Patpong (, , ) is an entertainment district in Bangkok's Bang Rak District, Thailand, catering mainly, though not exclusively, to foreign tourists and expatriates. While Patpong is internationally known as a red light district at the heart of Bangkok's sex industry, it is in fact only one of several red-light districts with some catering primarily to Thai men while others, like Patpong, cater primarily to foreigners.

A busy night market aimed at tourists is also located in Patpong.

Location and layout
Patpong consists of two parallel side streets running between Silom and Surawong Roads and one side street running from the opposite side of Surawong. Patpong is within walking distance from the BTS Skytrain Silom Line's Sala Daeng Station, and MRT Blue Line's Si Lom Station.

Patpong 1 is the main street with many bars of various kinds. Patpong 2 also has many similar bars. Next to these lies Soi Jaruwan, sometimes referred to as Patpong 3 but best known as Silom Soi 4. It has long catered to gay men, whilst nearby Soi Thaniya has expensive bars with Thai hostesses that cater almost exclusively to Japanese men.

History and ownership
Patpong gets its name from the family that owns much of the area's property, the Patpongpanich (or Patpongpanit), immigrants from Hainan Island, China, who purchased the area in 1946. At that time it was an undeveloped plot of land on the outskirts of the city. A small klong (canal) and a teakwood house were the only features. The family built a road – now called Patpong 1 – and several shop buildings, which were rented out. Patpong 2 was added later, and both roads are private property and not city streets. Patpong 3 and Soi Thaniya are not owned by the Patpongpanich family. The old teak house was demolished long ago and the klong was filled in to make room for more shops.
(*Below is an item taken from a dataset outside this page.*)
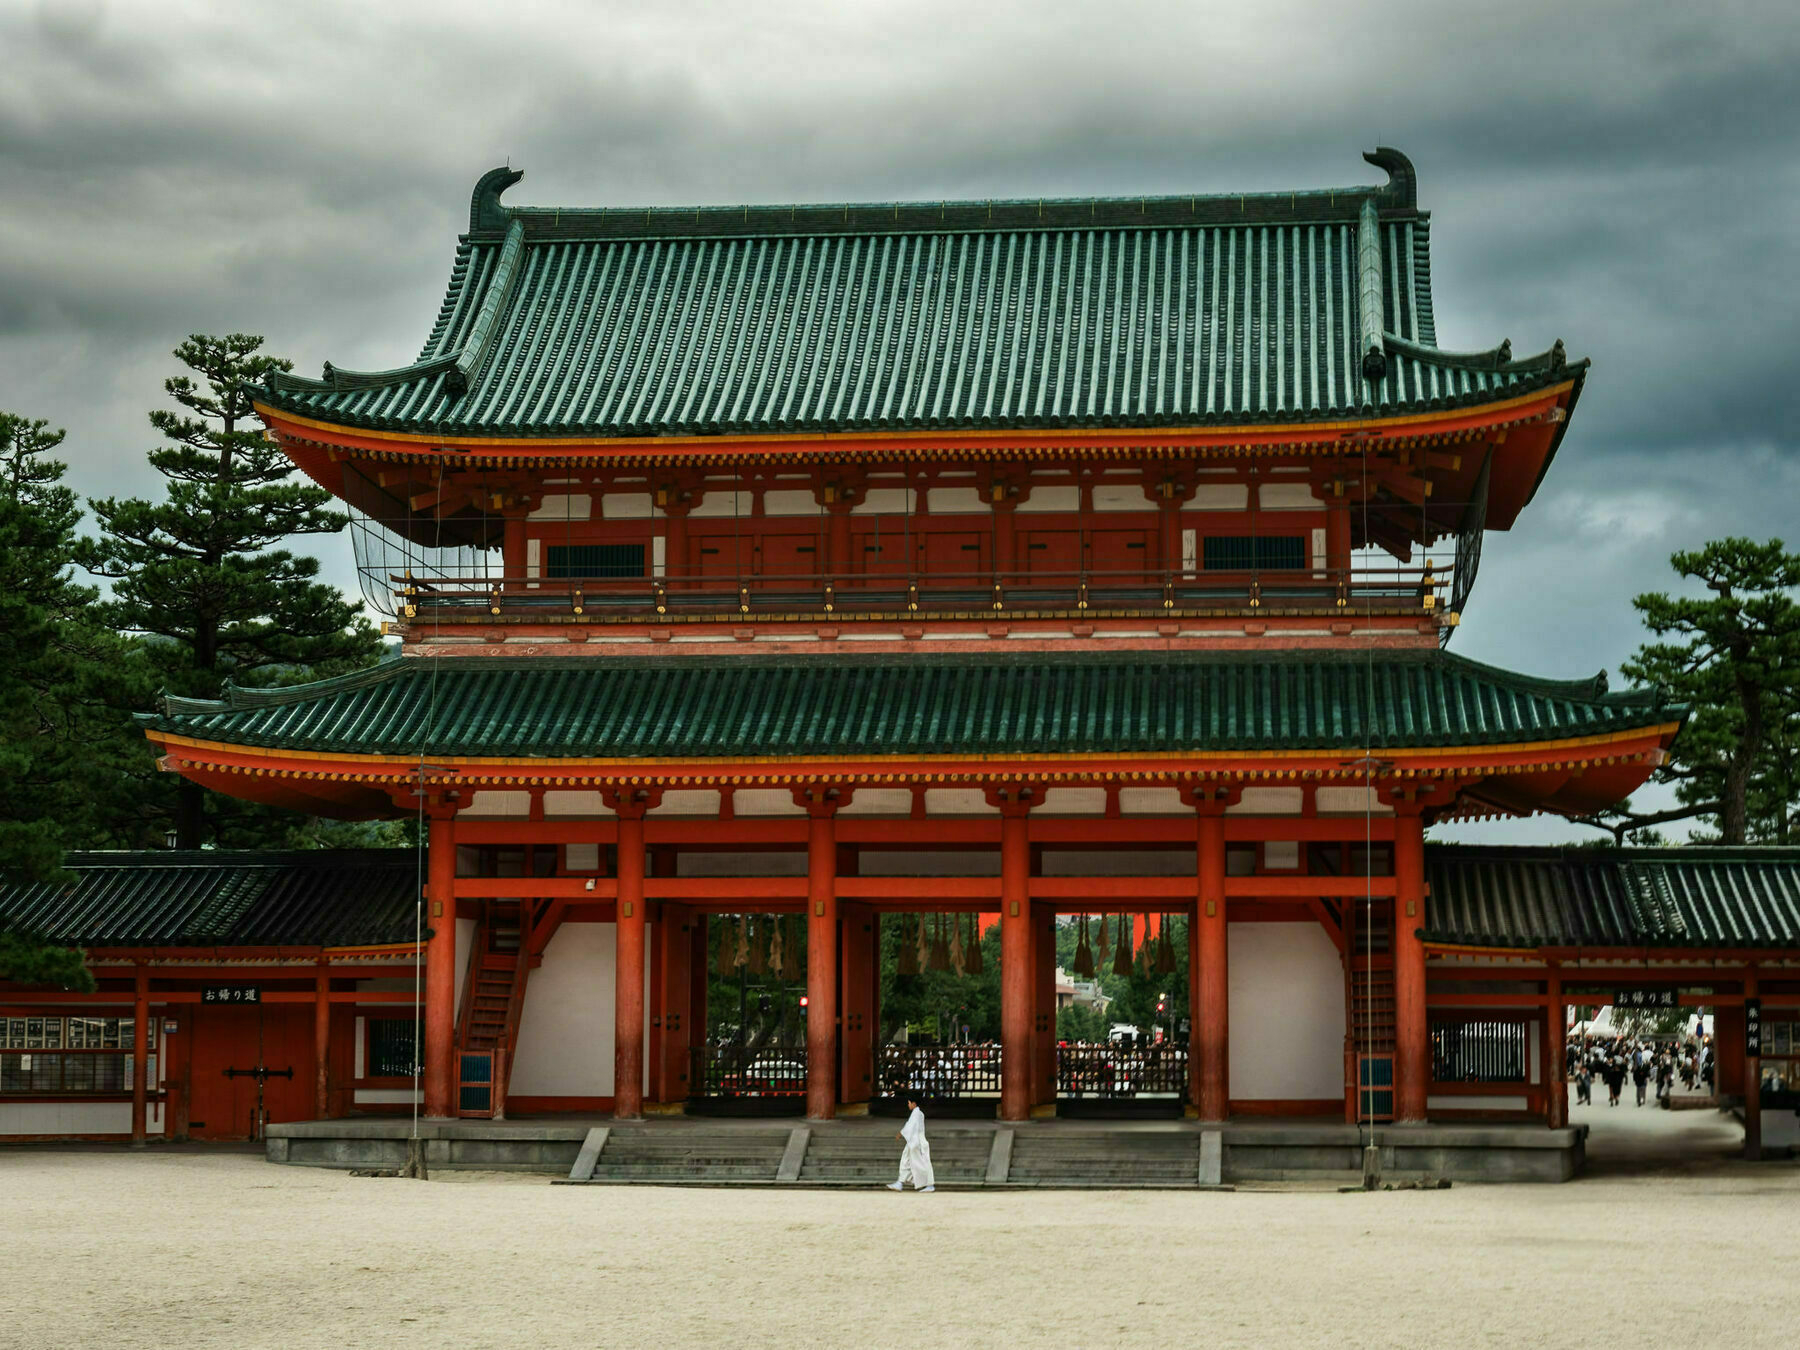 Photo of Kyoto's Heian Jingu shrine, modified using Adobe Generative Remove to eliminate distracting elements in the foreground.

Originally Patpong was an ordinary business area, but the arrival of bars eventually drove out most of the other businesses.

By 1968, a handful of nightclubs existed in the area, and Patpong became an R&R (rest and recuperation) stop for US military officers serving in the Vietnam War, although the main R&R area for GIs was along New Petchburi Road, nicknamed "The Golden Mile". In its prime during the 1970s and 1980s, Patpong was the premier nightlife area in Bangkok for foreigners, and was famous for its sexually explicit shows. In the mid-1980s the sois hosted an annual Patpong Mardi Gras, which was a weekend street fair that raised money for Thai charities. In the early-1990s, however, the Patpongpanich family turned the sidewalks of Patpong 1 Road into a night market, renting out spaces to street vendors.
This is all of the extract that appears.